12th century German Rabbinic scholar

Eliezer ben Yoel HaLevi of Bonn (Hebrew acronym Rav'Yah; 1140–1225) was a Rabbinic scholar in Germany. He is perhaps best remembered for reintroducing the principle of majority decision making (elsewhere known as Democracy) into the procedure of Rabbinic courts. Eliezer of Bonn's defense of the principle of majority rule shows up in the writings of Meir of Rothenburg, and in a much more elaborate and diffused form in a book of his collected sayings.

Meir of Rothenburg's epitome of Eliezer's defense of the principle of majority rule on questions of community legal practices, as well contextual clues scattered elsewhere throughout the literature, indicate that this principle was reintroduced at the Takkanot SHUM: The Jewish synods held at Speyer, Worms and Mainz in the midst of their persecution during the Crusades. There Eliezer of Bonn presided alongside his friend and companion Eleazar of Worms, a mystical teacher from the Kalonymid Dynasty, and other members of the Jewish community in Western Europe.

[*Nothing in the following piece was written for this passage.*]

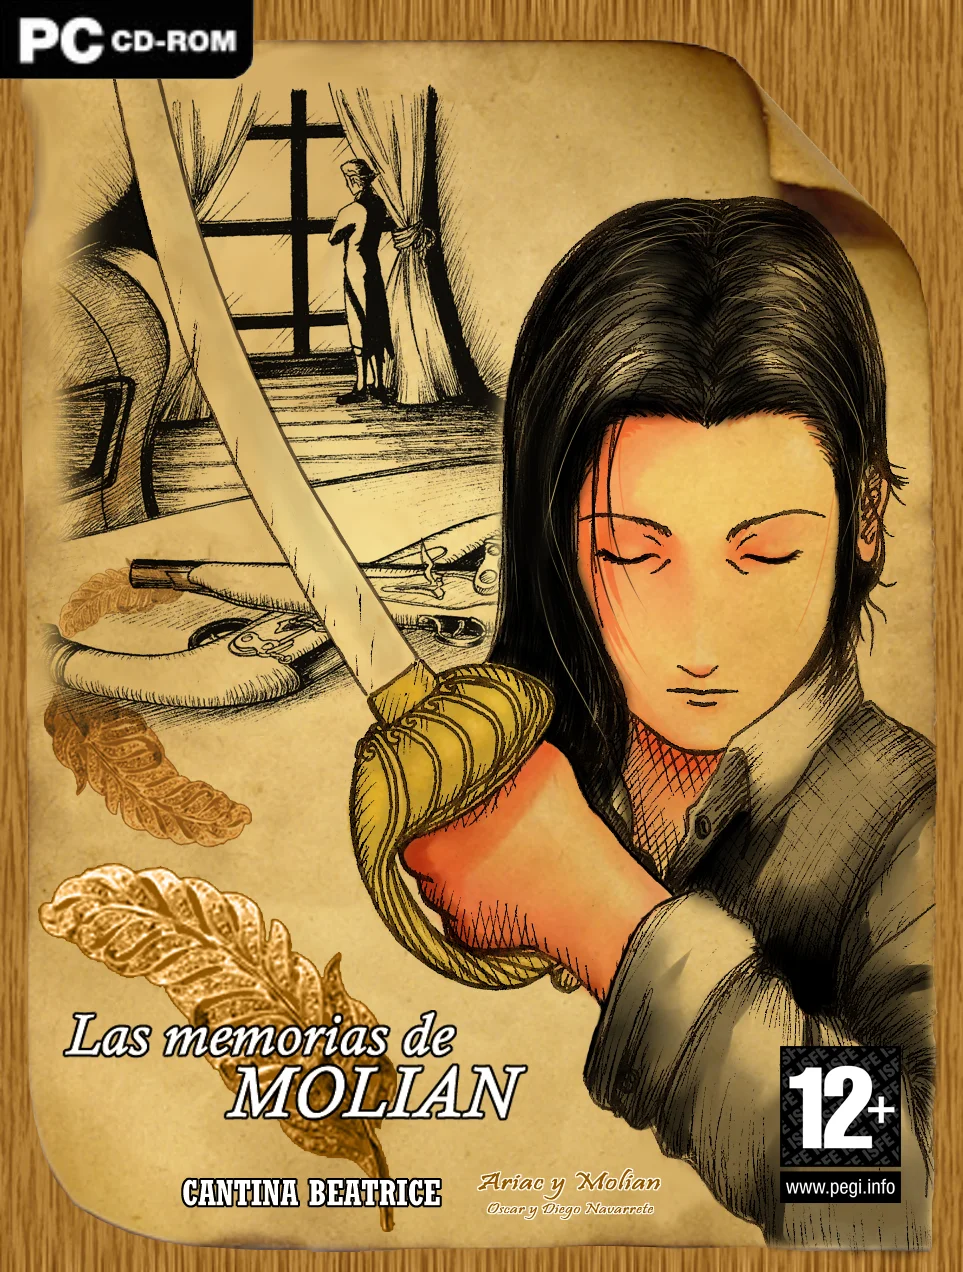 Las Memorias de Molian, portada - Comunidad hispana RPG maker (parte 3)

His maternal grandfather was Eliezer ben Nathan (Ra'avan). Eliezer studied under his father Joel haLevi of Bonn, as well as under Judah HeHasid, Eliezer of Metz, Judah ben Kalonymus of Mainz (the father of Eleazar of Worms) and many others. He accepted the Rabbinate of Cologne in 1200. His brother died a martyr's death in 1216, after which he is said to have gone temporarily blind and had to dictate his rulings, notes and responsa to his students because he could no longer see the words on the page before him. Eliezer's mourning for him was so great that his vision was impaired and he was compelled to dictate his novellae to his students.

He had a significant influence on Asher ben Jehiel (the ROSH). As a Rishon, he was prominent amongst the Tosafists of the middle-ages, and was a signatory to the Takkanot Shum. In the course of his long life he wandered from place to place: Bonn, Worms, Würzburg, Mainz, Cologne, Regensburg, and throughout France and Lombardy.

His major work, Sefer Avi HaEzri (My Father is my Help), which is more commonly known by its author's acronym as Sefer Ra'avyah (also spelled Sefer Rabiah), is a compendium of articles that he developed into a book. It contains halakhot and legal decisions.